Third, and this is related to the first point, interactants carefully tailor the knowledge they claim. Building on a corpus of British radio phone-ins, I found that mothers of children with ADHD typically claim knowledge about their children’s good intentions, but not about the ‘ADHD-ness’ of their conduct (chapter 6). As soon as the child’s problematic behaviour is treated as something that can be observed from the outside and sufficiently understood to be described by their mother, it becomes vulnerable to being formulated as ‘normal disobedience’. In this way, claiming no or insufficient knowledge – thus upholding the expertise of someone else - can be just as important to build an account or an identity as the claim to expertise is.
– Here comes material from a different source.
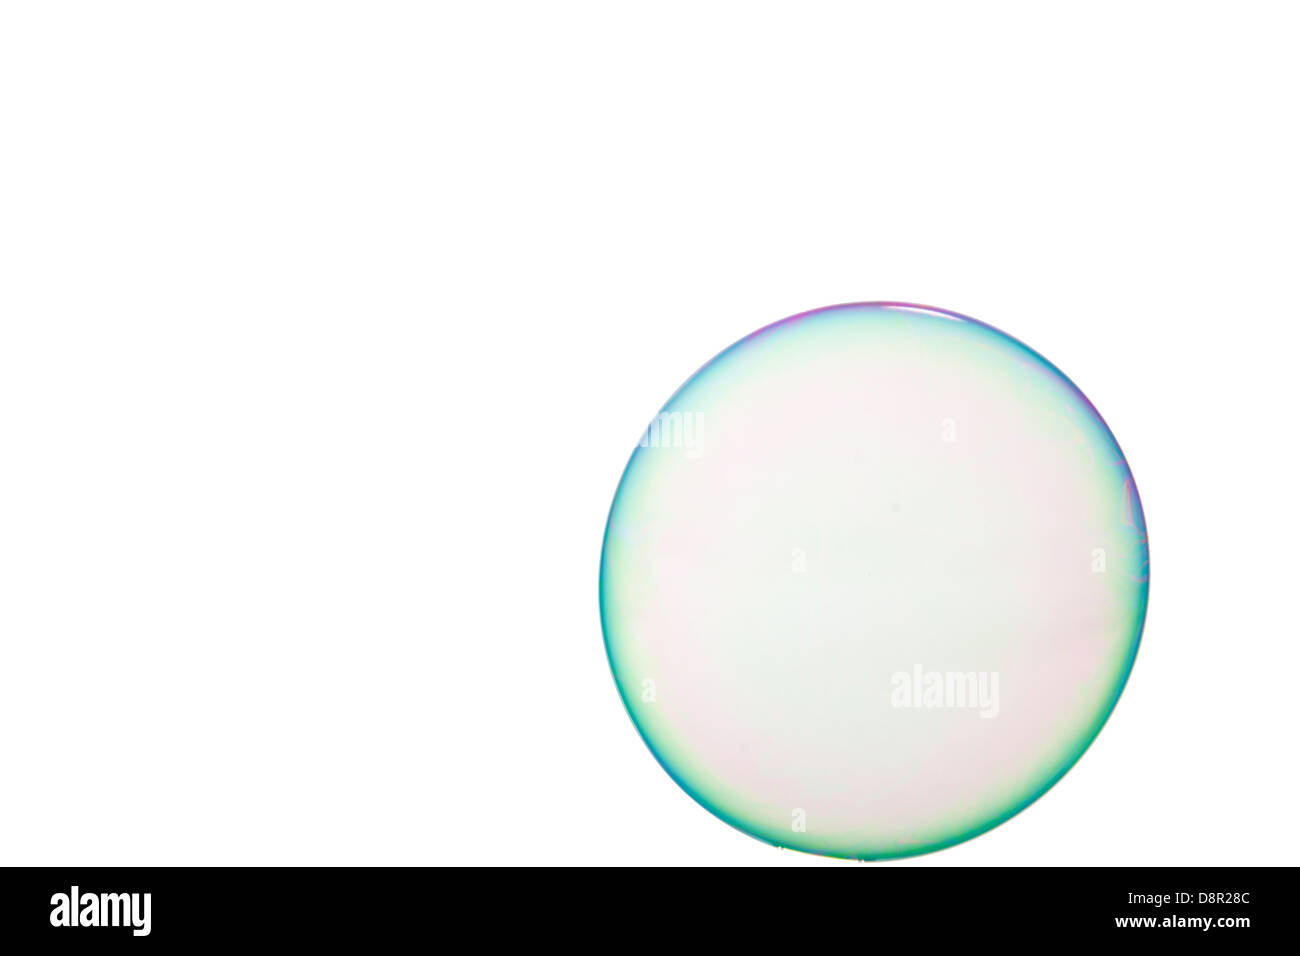 One soap bubble on a white background Stock Photo
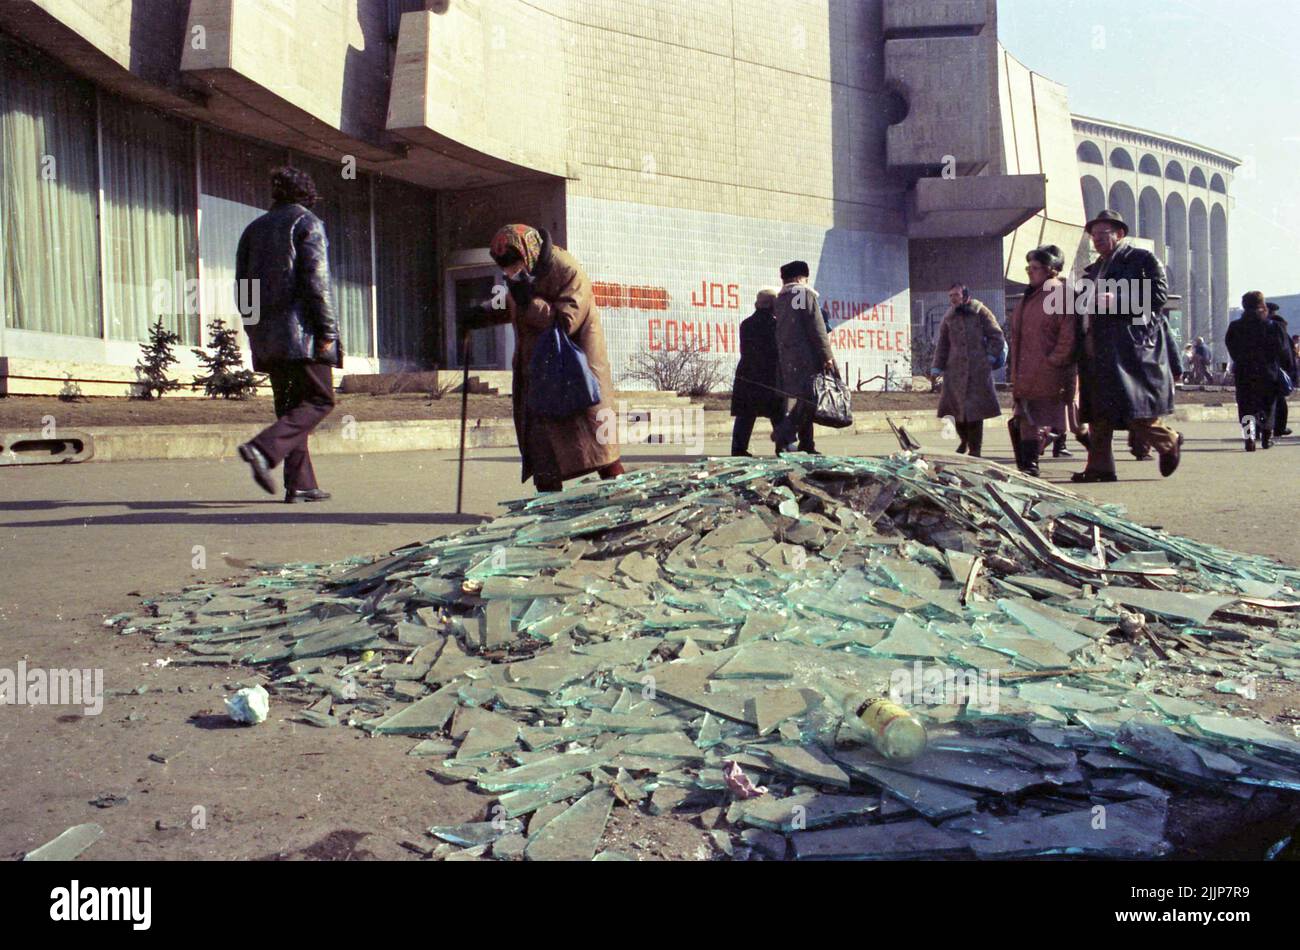 Bucharest, Romania, January 1989. People passing by broken glass and debris in the University Square, by the Intercontinental Hotel, days after the anti-communist revolution of December 1989. On the wall behind it is written: 'Down with communism' & 'Throw away your (Communist Party) IDs'. Stock Photo

Throughout the various case studies, speakers take care so as not to be seen as gullible or naive and to build a critical identity. Both claiming scientific or factual expertise and disputing its authority when offered by others are an essential part of this. In the comparative study between ADHD, ALS and diabetes patients (chapter 5), ALS patients provide an account if they do not do enough research into their disease, suggesting that it would be ‘normal’ or expected to do this. In the analysis of the idiomatic expression ‘listening to the body’ (chapter 3), interactants use the device to transform their personal health choices into advice that does not need to be supported by factual or scientific sources. Here, too, speakers provide an account for not basing their choice on a scientific study, suggesting that that would be the normal procedure. In the negotiations of claims to expertise in radio phone-ins (chapter 2), speakers treat it as an interactional challenge when they are said to ‘believe’ in something, and claim knowledge instead. In short, throughout the empirical cases, interactants work to follow what Hobson-West (2007) has aptly termed the ‘moral imperative to become informed’.
The findings from the final case study, based on recordings conducted in a Dutch ADHD coaching centre (chapter 4), are an interesting contrast with this almost ubiquitous disputation of expertise. Coaches employ ‘my side empathy formulations’ to further a conceptualisation which is often at odds with their clients’ view. In order to pursue this potentially controversial, agency-oriented coaching agenda, they present their own bodily sensations as indicative of their client’s inner state, literally keeping their knowledge claims close to themselves. While they do draw on neurological knowledge, their careful avoidance to claims of exceptional expertise helps them to achieve their interactional goals.